It’s very common for humans to look for shortcuts.
We are hard wired to look for anything that will maximize our return, and minimize our efforts.
Paradoxically, this is the driving force that has been behind our path as humans from the days of ancient hunter-gathers to modern life.
All the inventions, creations and ideas were based on one simple concept.
“There’s GOT to be an easier way of doing this!”
Businesses and customers are forever locked in the same battle.
Business want to minimize costs and maximize profits.
Customers want to minimize purchase price and maximize what we get for that purchase.
When businesses compete for our money, it’s a wonderful thing.
Fast food wars, for example, force all businesses to come up with the cheapest menu items.
If you’re the kind of person who likes to stumble through your local fast food joint on the way home from your local bar, this is a wonderful thing.

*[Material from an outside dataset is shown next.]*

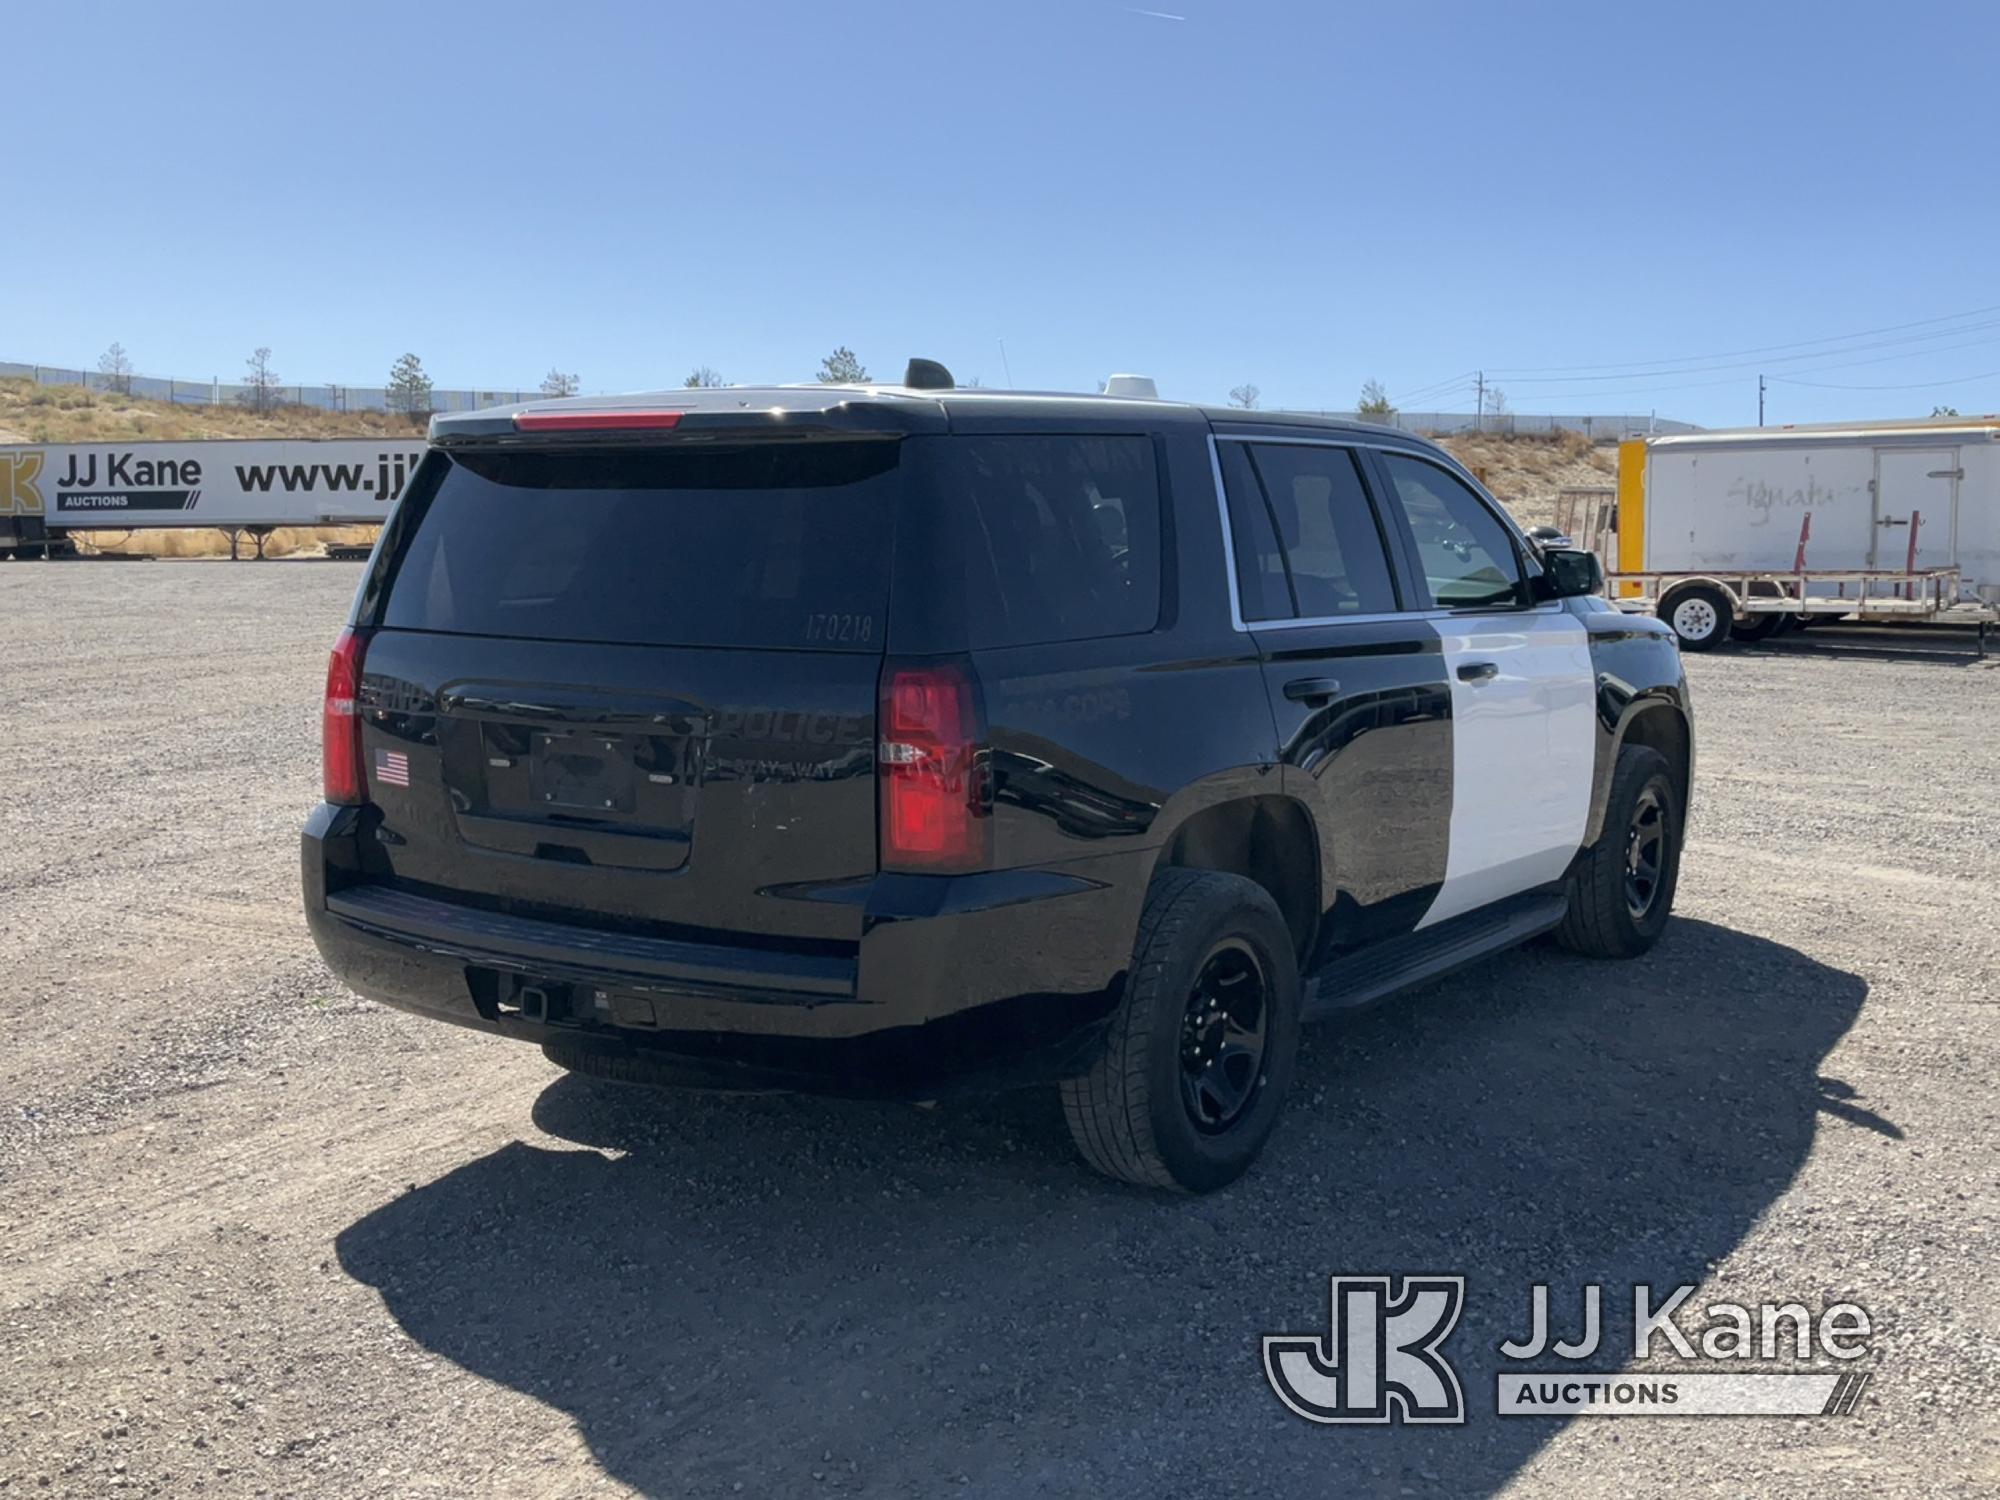 (McCarran, NV) 2017 Chevrolet Tahoe Police Package 4x4 4-Door Sport Utility Vehicle Runs & Moves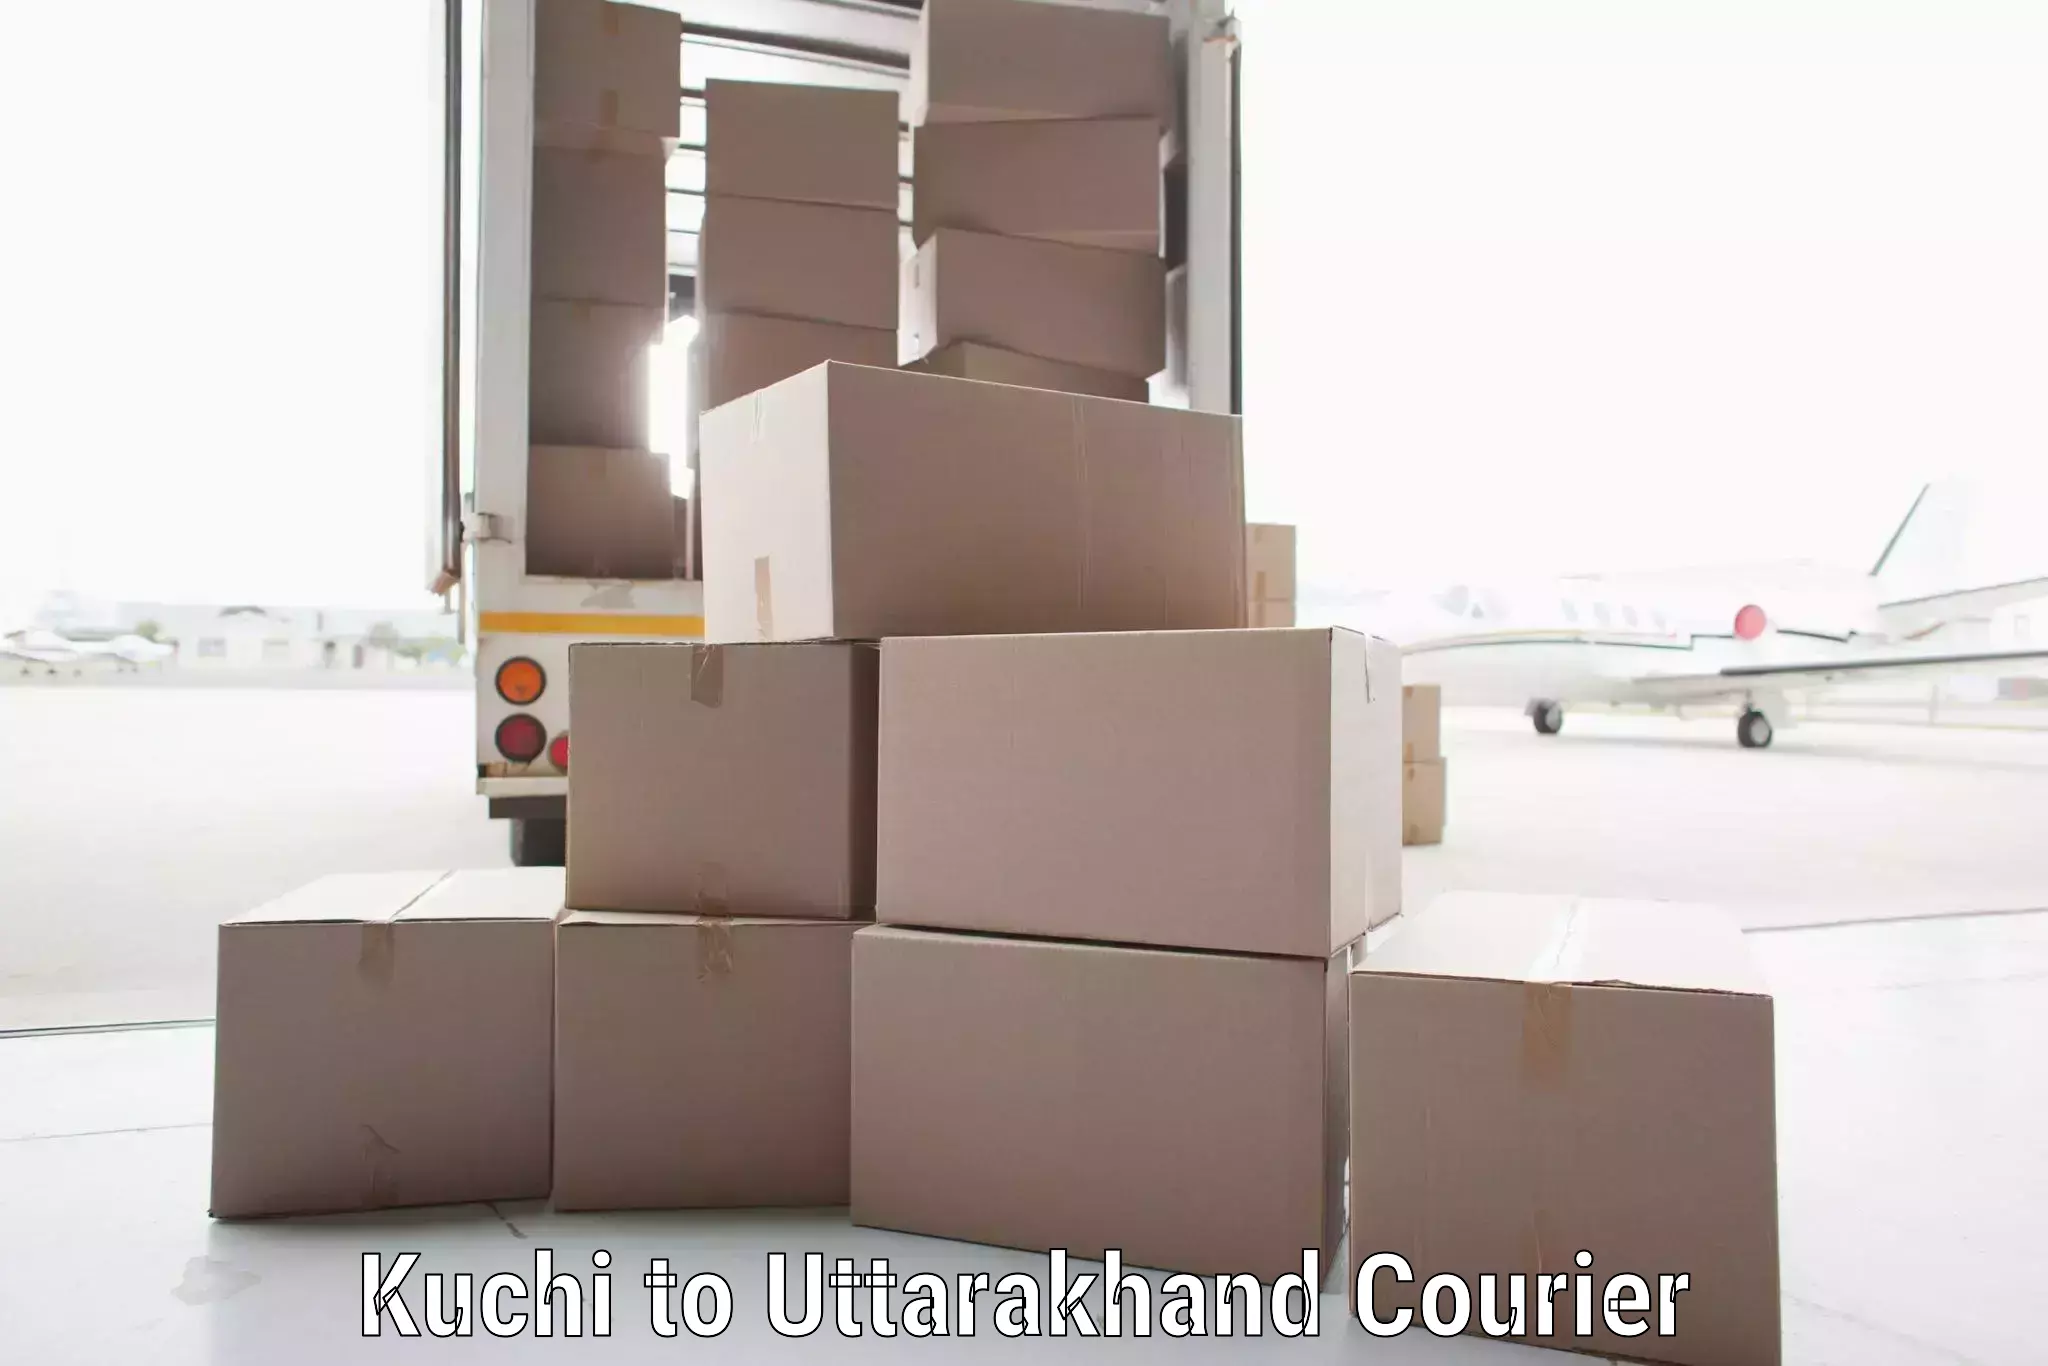 Flexible delivery schedules Kuchi to Uttarakhand

Get a sack of burgers for a few bucks.
Other kind of competition is not so nice.
Especially when not everybody knows there’s a competition.
Sure, when you’ve got a street lined with shops, everybody knows what’s up.
Cheapest price, best product, best customer service, cutest waitresses, etc.
It’s all part of the game.
But when you go into a meeting, and you’re thinking it’s just to share ideas, but your coworker has decides he or she is competing, and he or she is competing against you, that’s when it gets dirty.
From the boss’ point of view they might even like the competition.
It saves them from having to make a decision.
Even within social groups, friendships and romantic relationships, there can be some “beneath the surface” competition going on.
It’s almost like covert Sumo wrestling.
Two huge guys rush each other and try to push the other guy off balance.
When both guys know what’s, it’s called sport.
But when one person is doing this conversationally and covertly, it can feel pretty crappy.
There you are trying to have a regular conversation, and they’re slipping in deadly blows that push you off balance and make you feel weak.
Many people unfortunately don’t feel strong unless they make others feel weak.
If it’s a schoolyard bully, you can punch him in the face, or kick him in the nuts.
But if it’s emotional, and covert?
How the heck do you defend against it?